It is best to incubate the cells with the test substance on microtiter plates and measure fluorescence and absorbance directly on the wells of the microtiter plate. Suitable microtiter plates are known and commercially available. For example, the microtiter plate is black with a transparent bottom and 96 wells. Fluorescence and absorbance can be measured with a suitable microtiter plate reader. Microtiter plate readers are well known in the art and are commercially available. An example is the Tecan Infinitie 2000 (Tecan UK) microtiter plate reader.

We measure the MFI and compare it with the standard value to determine if the test substance has genotoxic activity, if the necessary genotoxic activity is also quantitatively evaluated. Genotoxicity is assessed by the value of x / y, where x is the MFI in the presence of the test substance and y is the standard MFI value measured in cells not in contact with the test substance. If the MFI of cells of the test substance exposed is statistically significantly different from the MFI of control, non-exposed cells and the x / y ratio is greater than 1.5, the test substance is considered to be genotoxic if the value of the x / y ratio is less than 1.5 or the difference between the MFIs of the exposed and non-exposed cells are not statistically significant, the substance is considered to be non-toxic.

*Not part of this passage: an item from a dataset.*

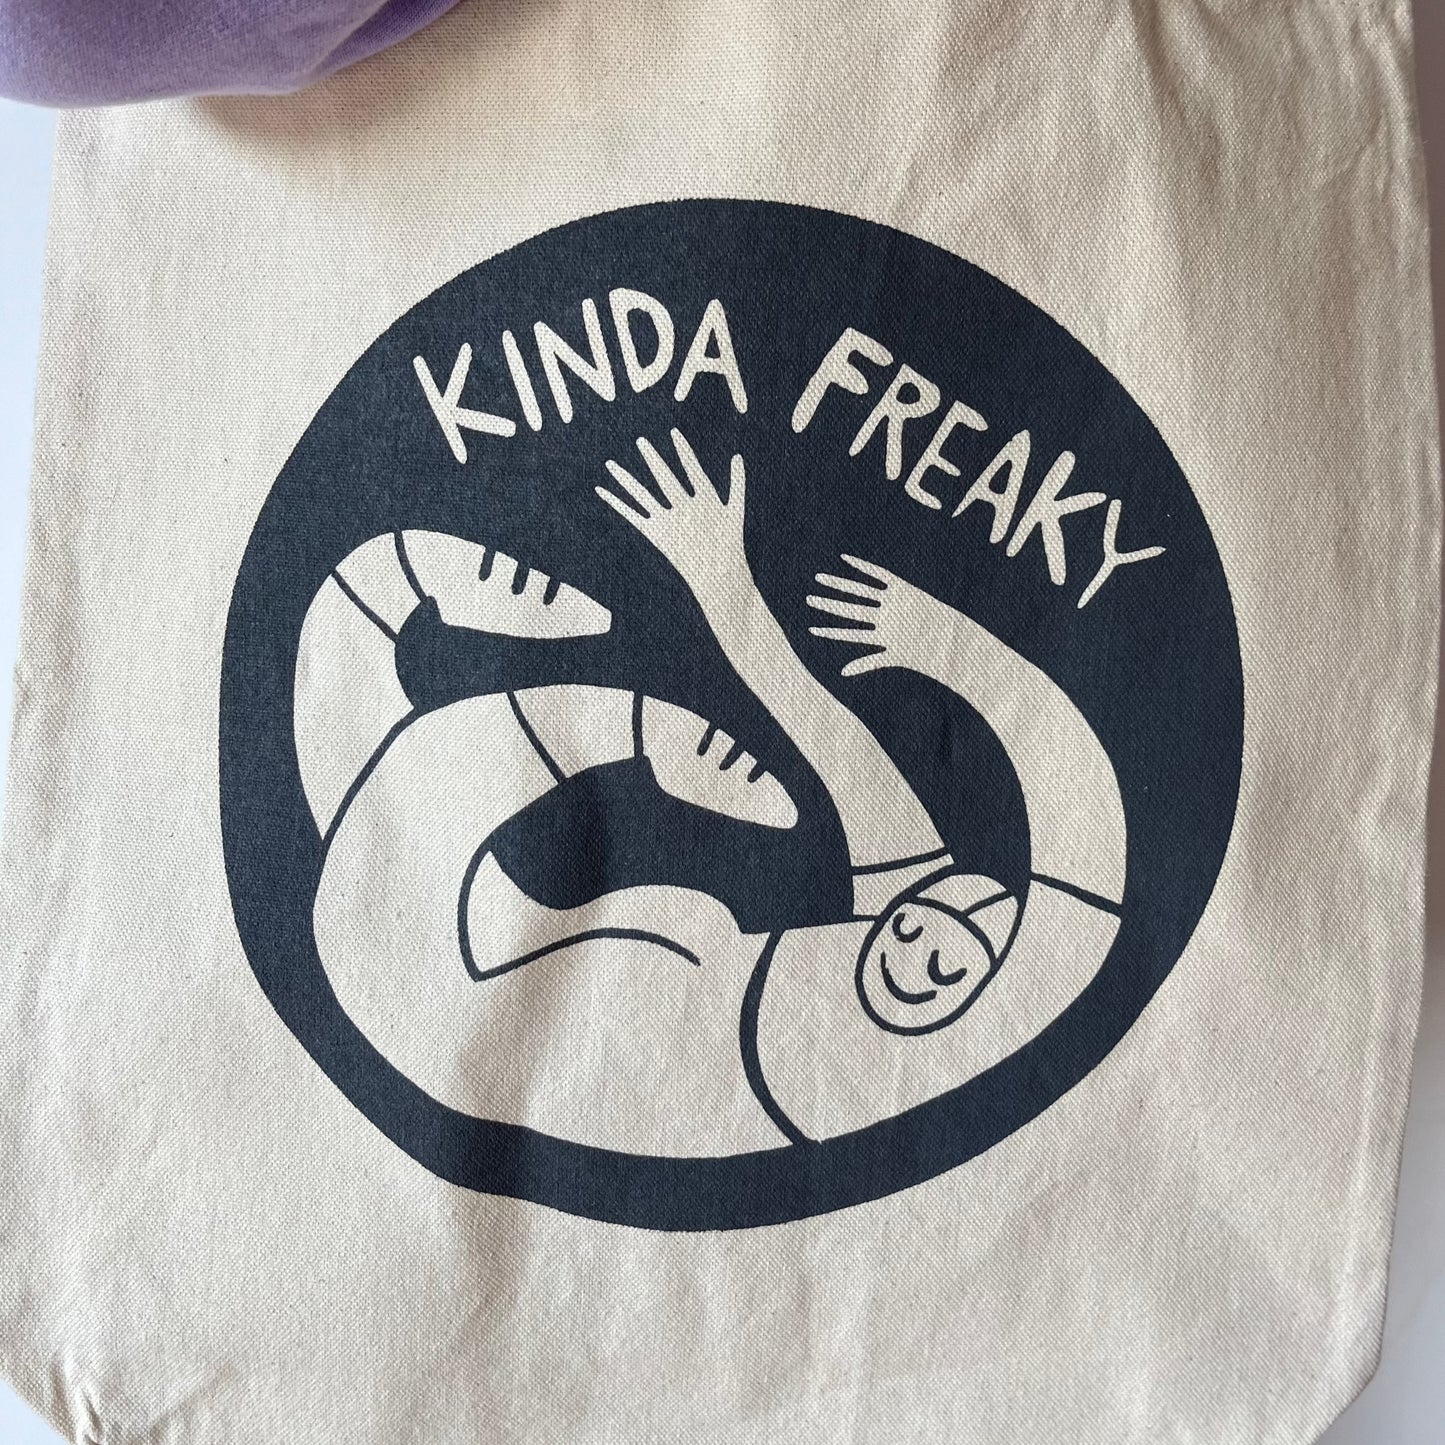 Kinda Freaky Tote Bag

However, the MFI value depends not only on the excitatory fluorescence of the reporter protein in response to genotoxic damage but also on cell density. The higher the cell density, the higher the fluorescence and the lower the density, the lower the fluorescence. To correct this dependence, we divide the fluorescence data by the density of the cells to obtain "fluorescence units", that is, the average fluorescence per cell. This value is independent of cell density and is therefore more reliable.

Cell density can be determined in ways known to those skilled in the art, for example, by the MTS assay. The MTS test is a colorimetric method for identifying the number of viable cells and for determining the cytotoxicity of a test substance. The test measures the formation of a soluble formazan product that is directly proportional to the number of live cells in culture. The absorbance value (determined at 492 nm) reflecting cell density is then used to normalize the fluorescence signals. When setting up the experiment, the number of cells not exposed and exposed is equal to the value of the absorbance of formazan exposed • · • · cells against non-exposed at the same time giving information about the effect of the test substance on cell viability. The invention will now be explained by way of example. Methods for measuring fluorescence and cell density are described in the examples.

Example 1:

Vector construction and cell transfection:

The example lists the components used to construct the p21-DsRed2 vector according to the first and second aspects of the invention, describes the construction of the biosensor (transfected cells according to the third aspect of the invention), and the selection of response clones.

1. System components:

a. Promoter - human p21 (CDKN1A; Cap20; CDKN1; CIPI; MDA-6; P21; SDI1; WAF1; P21CIP1) gene

The source of the p21 promoter is the WWP-LUC plasmid provided to us by prof. Bert Vogelstein (Johns Hopkins Oncology Center, Baltimore, Maryland, USA). The plasmid has the pBluescript (KS +) vector as described by El-Deiry et al. (Celi, 75, 817,1993).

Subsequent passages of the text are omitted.